When asked by her publisher whether the stories were pure
fiction or whether they had been drawn from real life, Miss
Niggli replied that her material was a combination of both and
that it would be difficult, if not impossible, to separate the two.
Some of the events actually happened and some of them were
rumored to have happened; but nearly all very easily could have
come to pass in the form given us in the stories. There is the
story of the Yanqui Bob Webster, disillusioned and unhappy,
who came to the village as the mine supervisor, intending to stay
only one year but becoming so much a part of the life of the
village that he continues to stay. The Castillo family, which has
held the land of the valley since the opening of the area of
Nuevo Leon in the sixteenth century, forms an integral part of
the village life and is still the dominant force even though the
Revolution had technically destroyed its power. The story of
Gitanillo, Lolita, and Ruben, the candy maker, gives Miss Niggli
an opportunity to portray the beauty and the drama of the bull-
fight as it is seen through Mexican eyes; it no longer appears
bestial and cruel.

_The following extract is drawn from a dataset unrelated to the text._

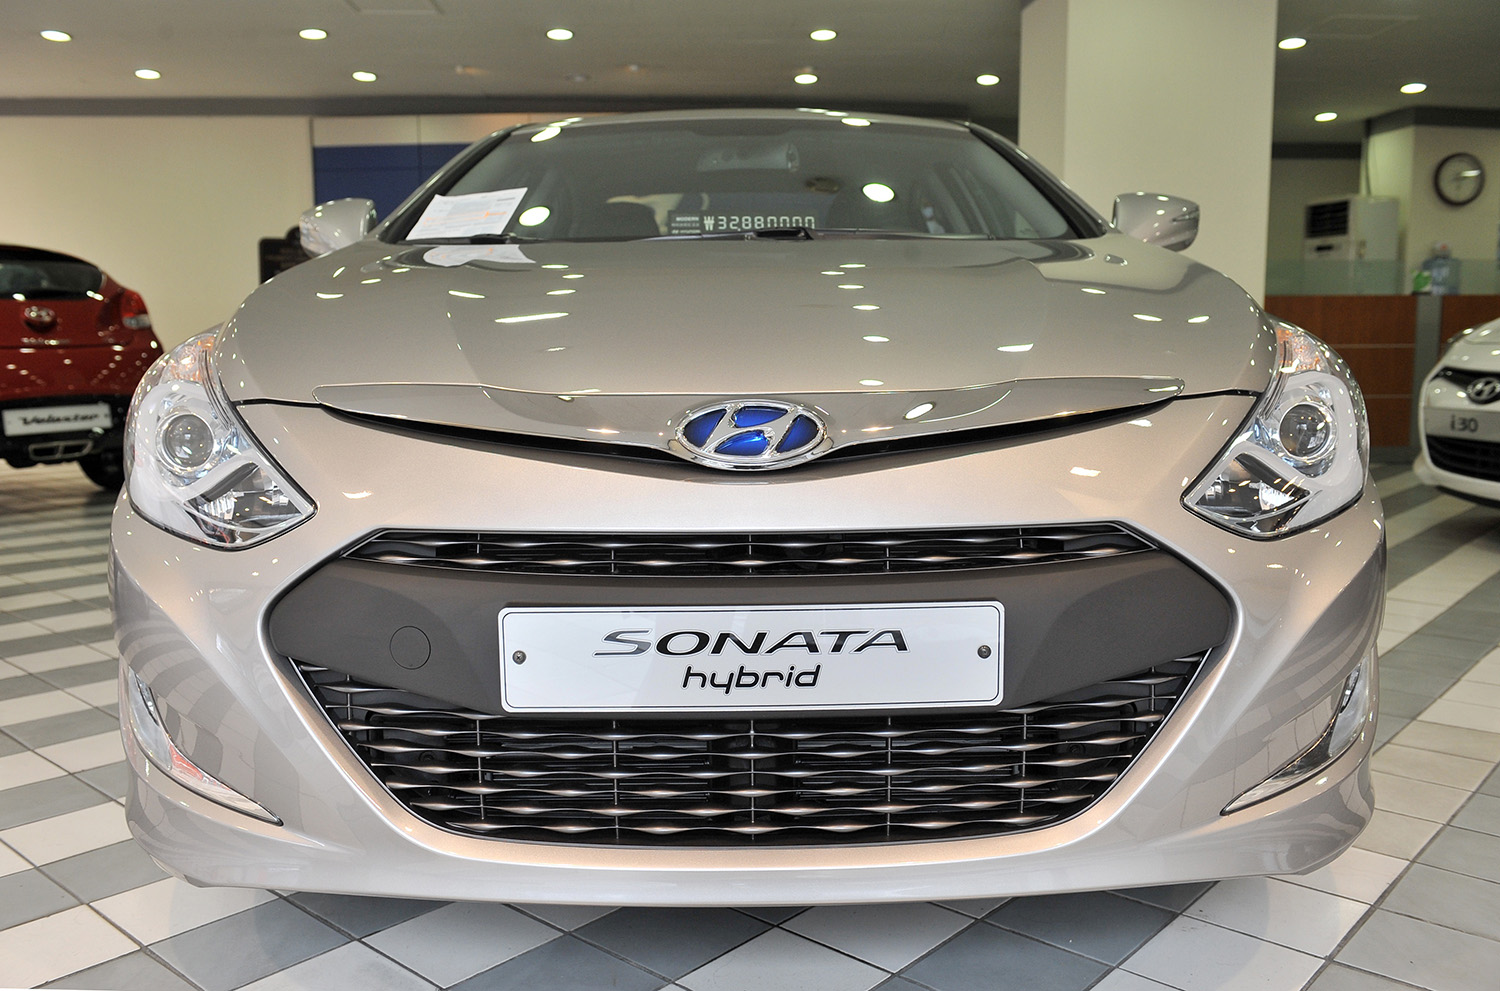 2013 Hyundai Sonata Hybrid Sedan at dealership in Seoul South Korea

The genius and the tragedy of Anita O'Malley,
the beautiful and high-spirited daughter of an adventurous Irish-
man, are presented to the reader beautifully and simply; the
story is also used as a mechanism for the portrayal of Mexico
City life and customs. Pepe Gonzalez, fun loving and full of a
zest for life, is instrumental in bringing an end to a feud of long
standing between the Valley of the Sabinas and the Three Marys;
he incidentally is the epitome of local pride. The mystery of
Here’s what’s next.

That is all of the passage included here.